Your instructions:
The pictures in the data below are to be omitted; all else must be duplicated exactly.

The data:
BEGIN

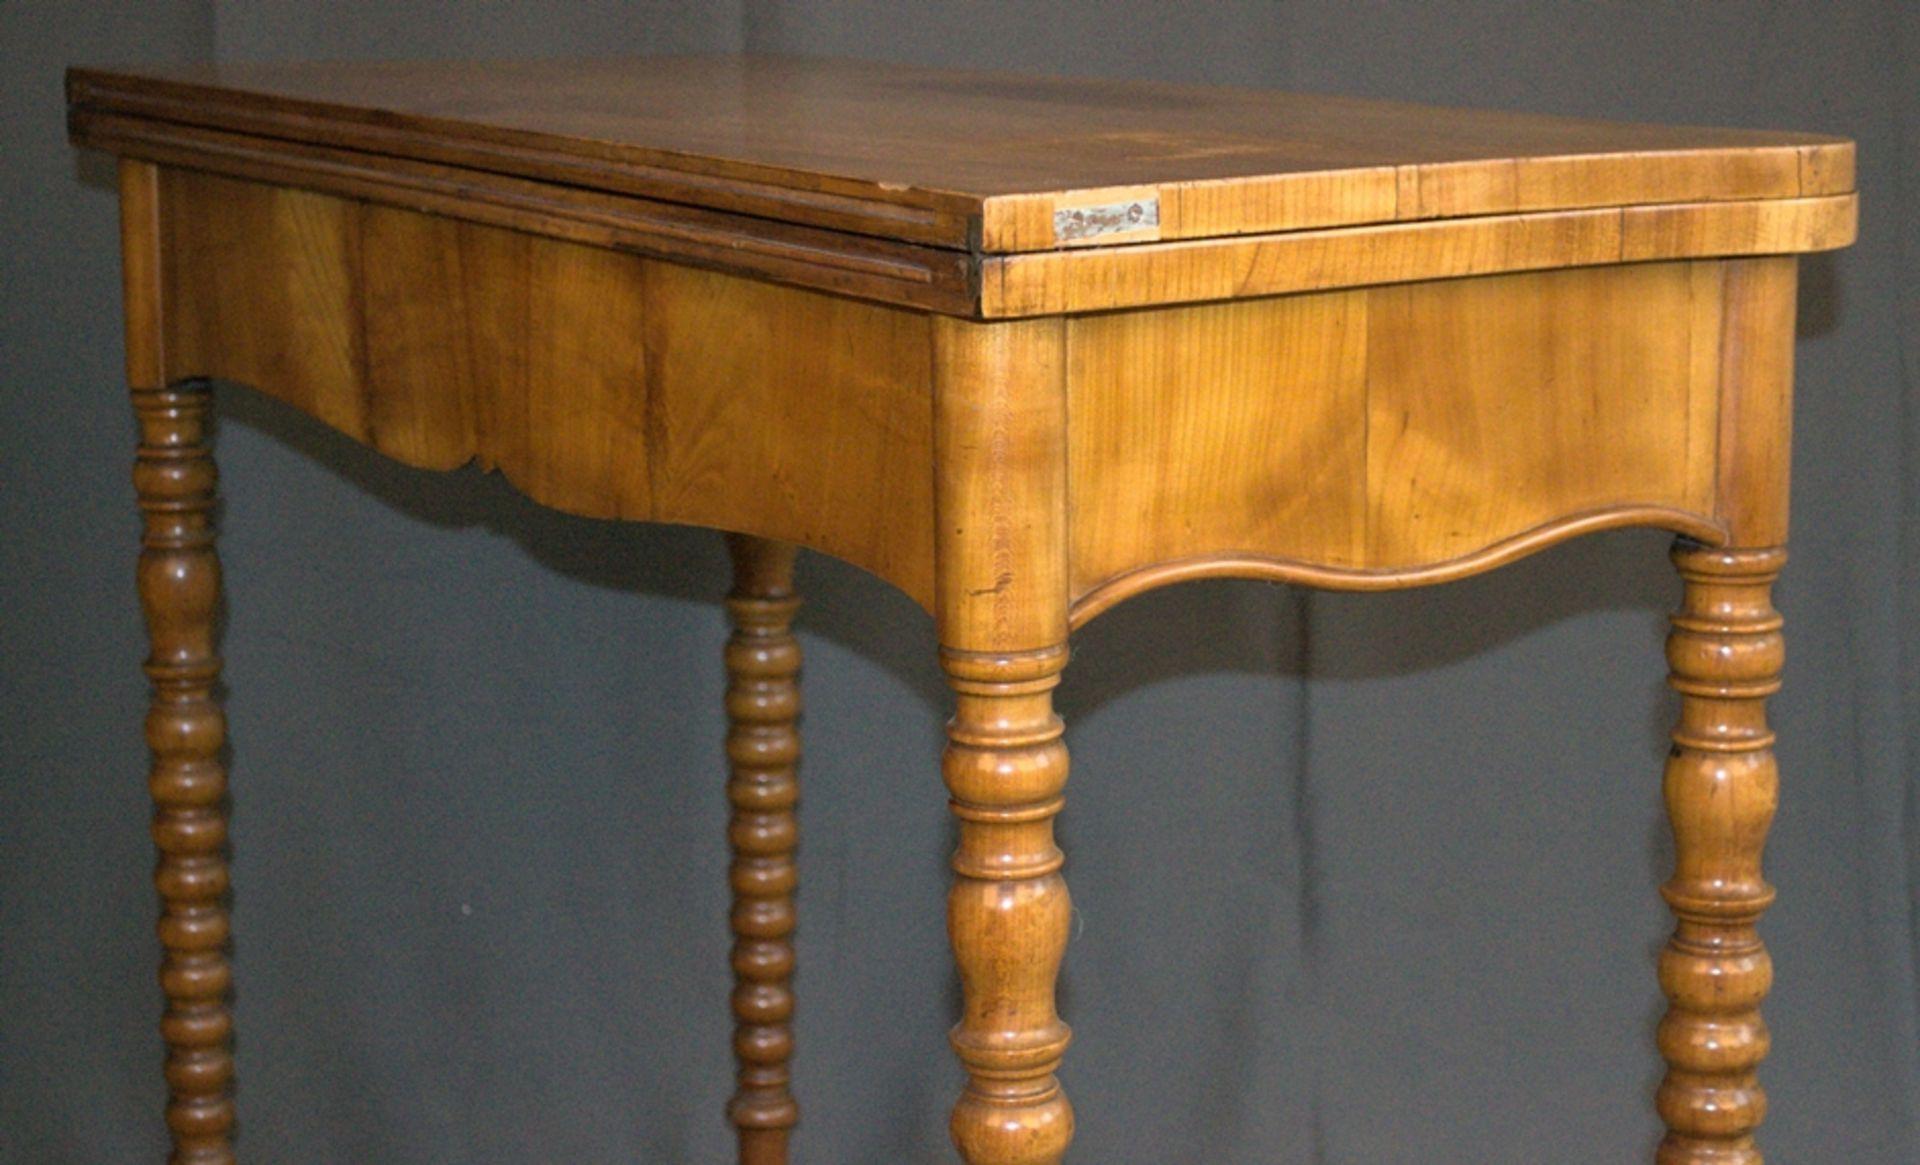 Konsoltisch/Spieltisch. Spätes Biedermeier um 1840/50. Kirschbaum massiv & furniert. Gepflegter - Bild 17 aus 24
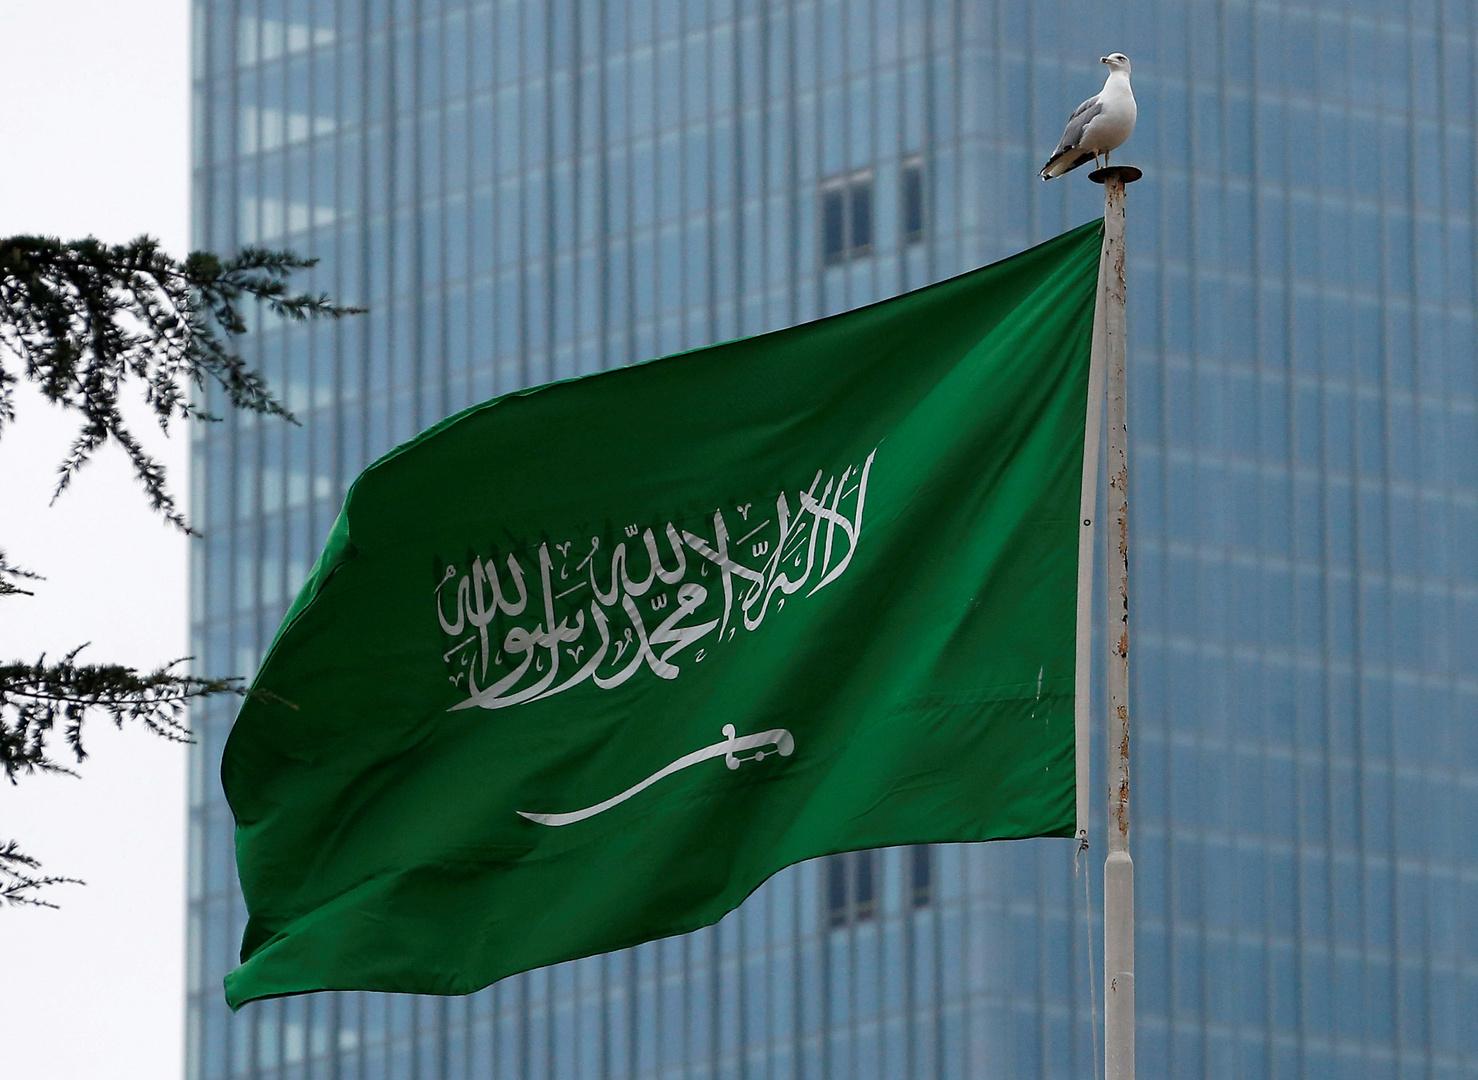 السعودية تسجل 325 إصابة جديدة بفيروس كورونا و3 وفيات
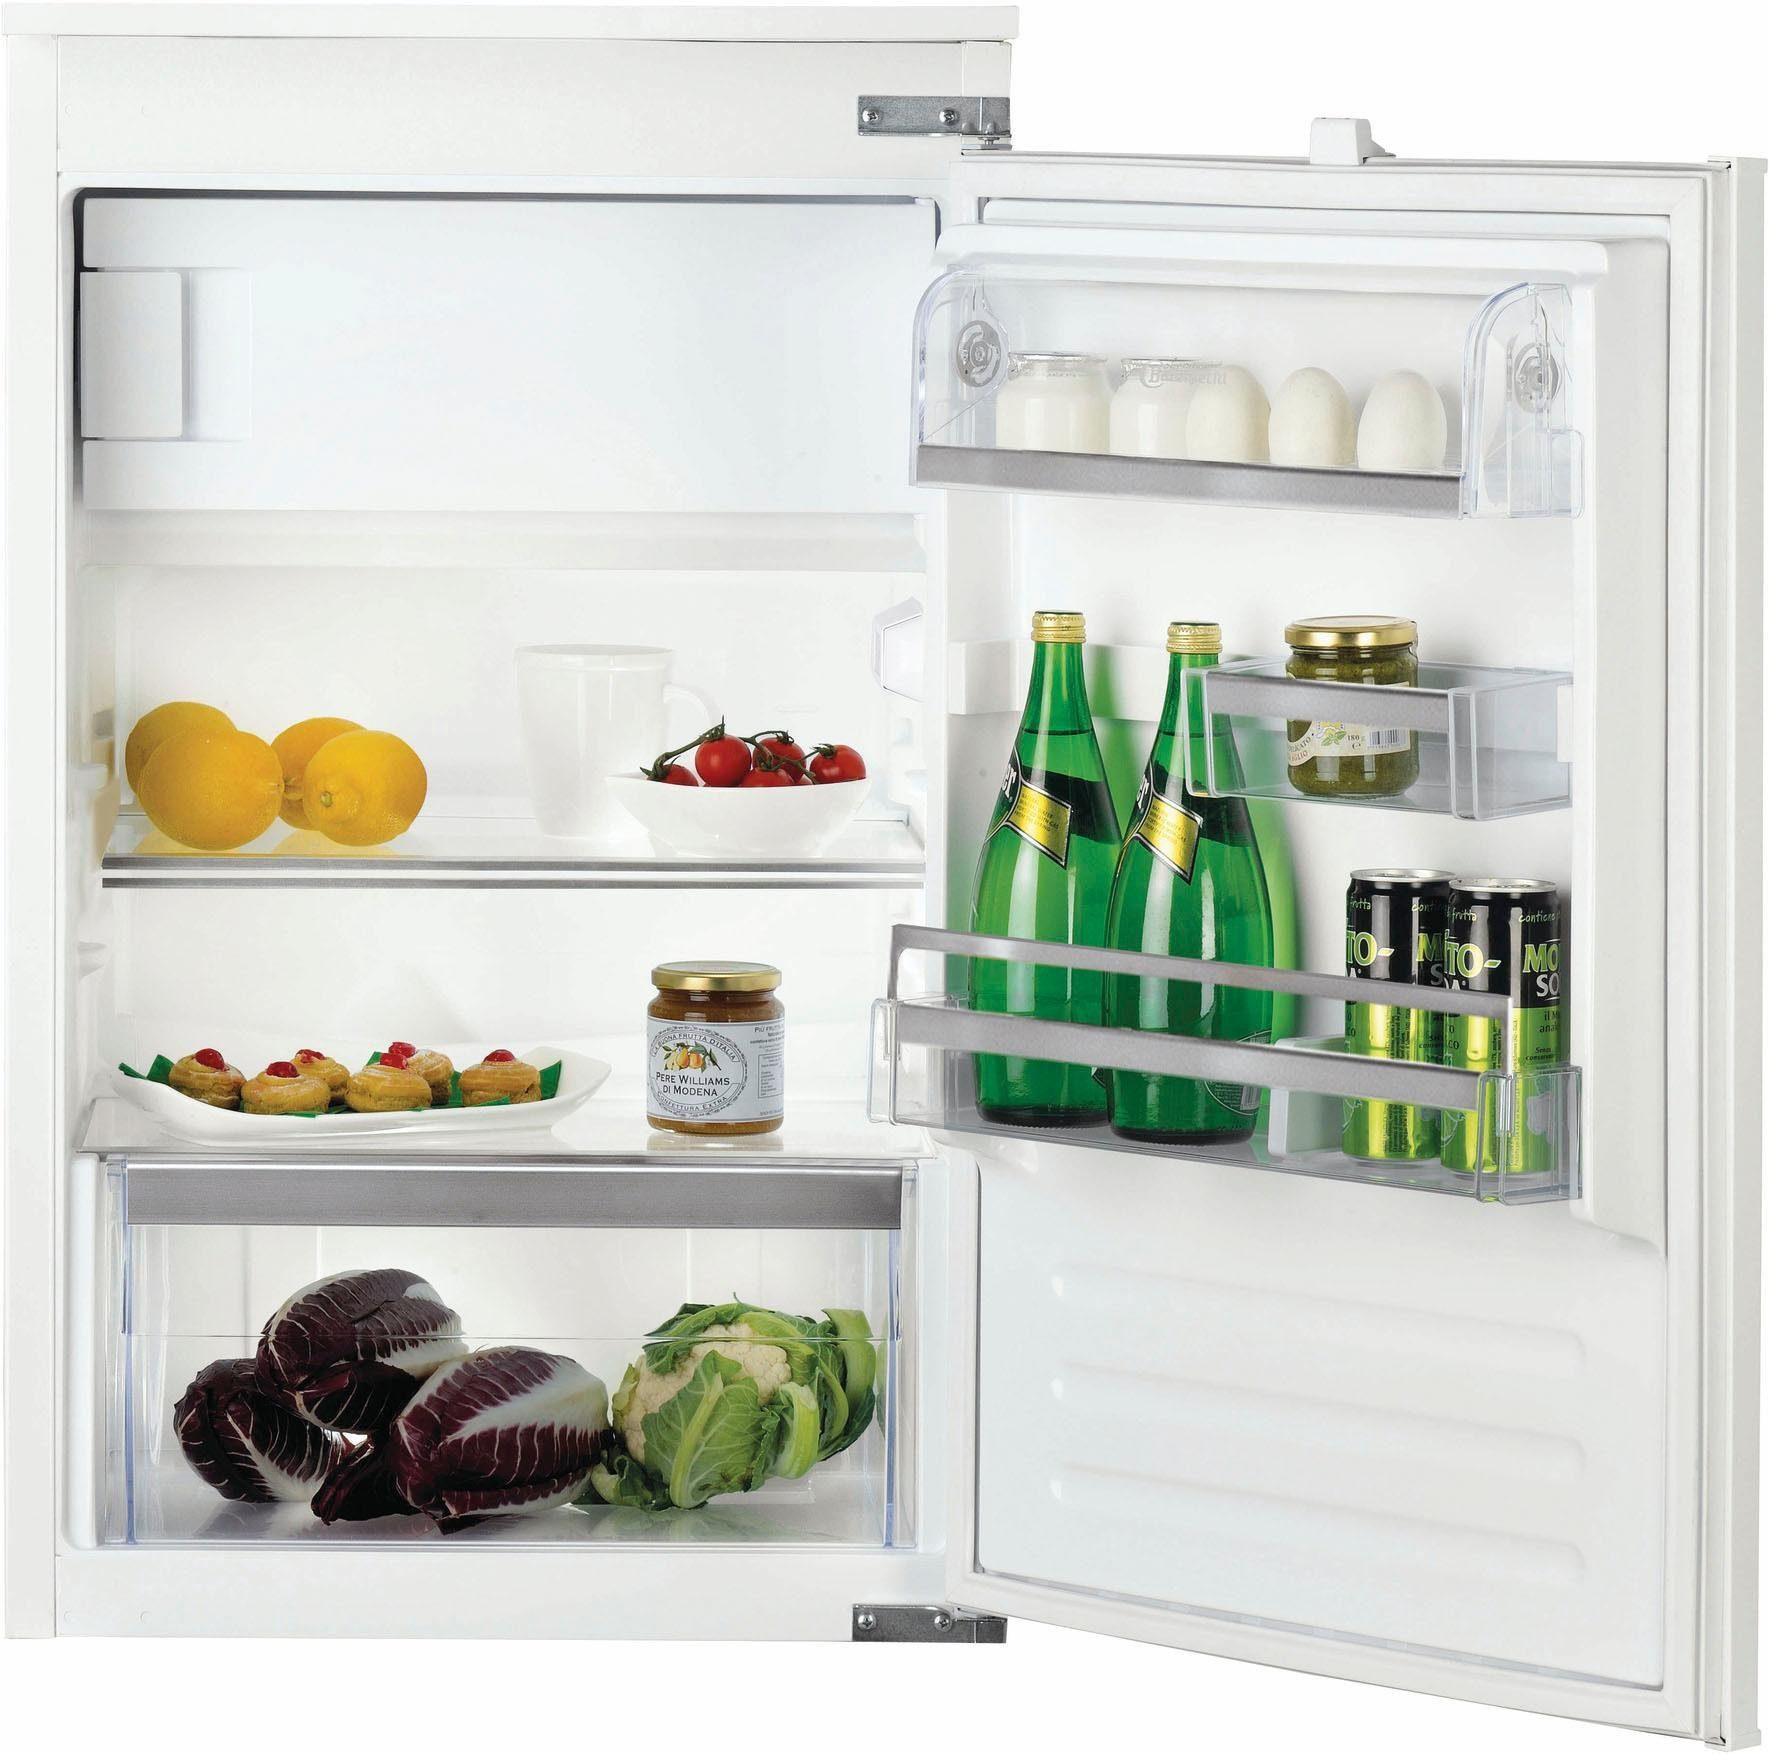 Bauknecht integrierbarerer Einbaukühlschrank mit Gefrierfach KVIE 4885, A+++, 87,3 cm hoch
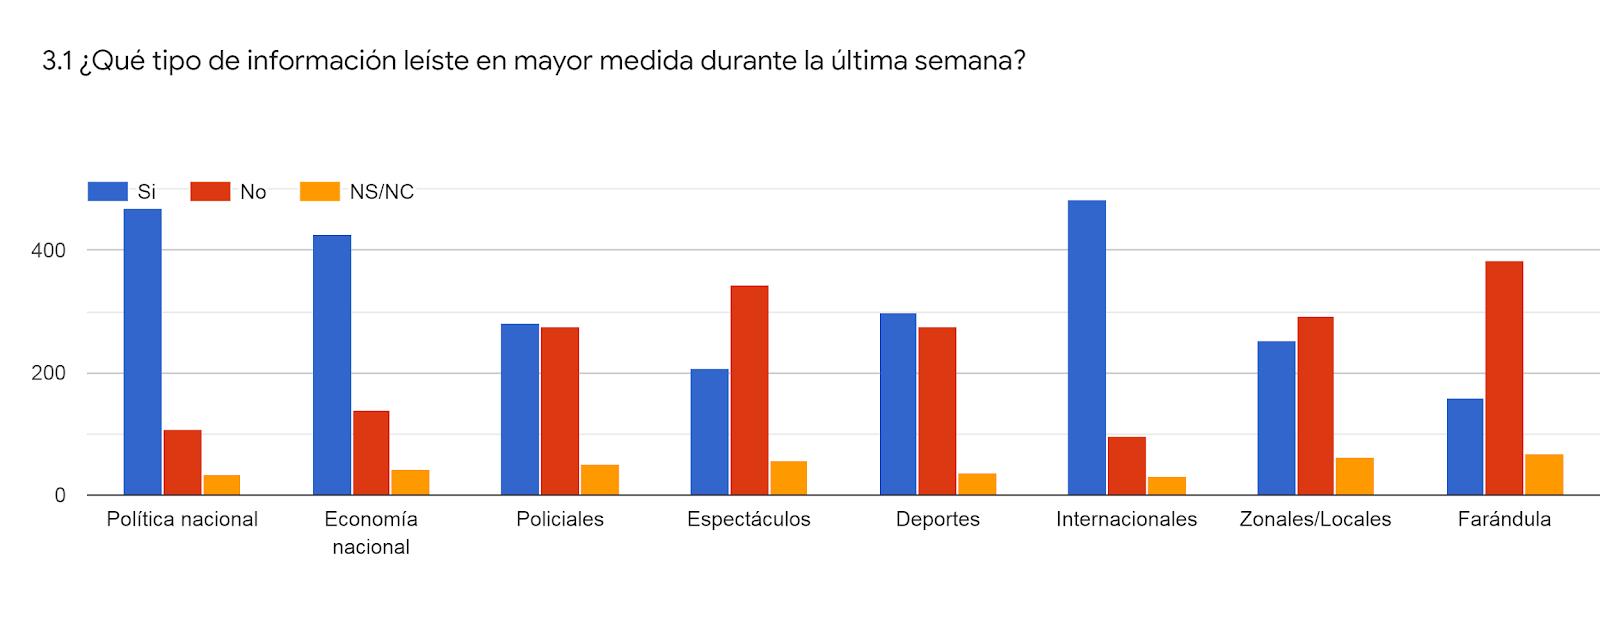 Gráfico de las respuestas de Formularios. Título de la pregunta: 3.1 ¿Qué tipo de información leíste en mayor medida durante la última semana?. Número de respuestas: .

END

Written reply:
 Konsoltisch/Spieltisch. Spätes Biedermeier um 1840/50. Kirschbaum massiv & furniert. Gepflegter - Bild 17 aus 24
 السعودية تسجل 325 إصابة جديدة بفيروس كورونا و3 وفيات
 Bauknecht integrierbarerer Einbaukühlschrank mit Gefrierfach KVIE 4885, A+++, 87,3 cm hoch
 Gráfico de las respuestas de Formularios. Título de la pregunta: 3.1 ¿Qué tipo de información leíste en mayor medida durante la última semana?. Número de respuestas: .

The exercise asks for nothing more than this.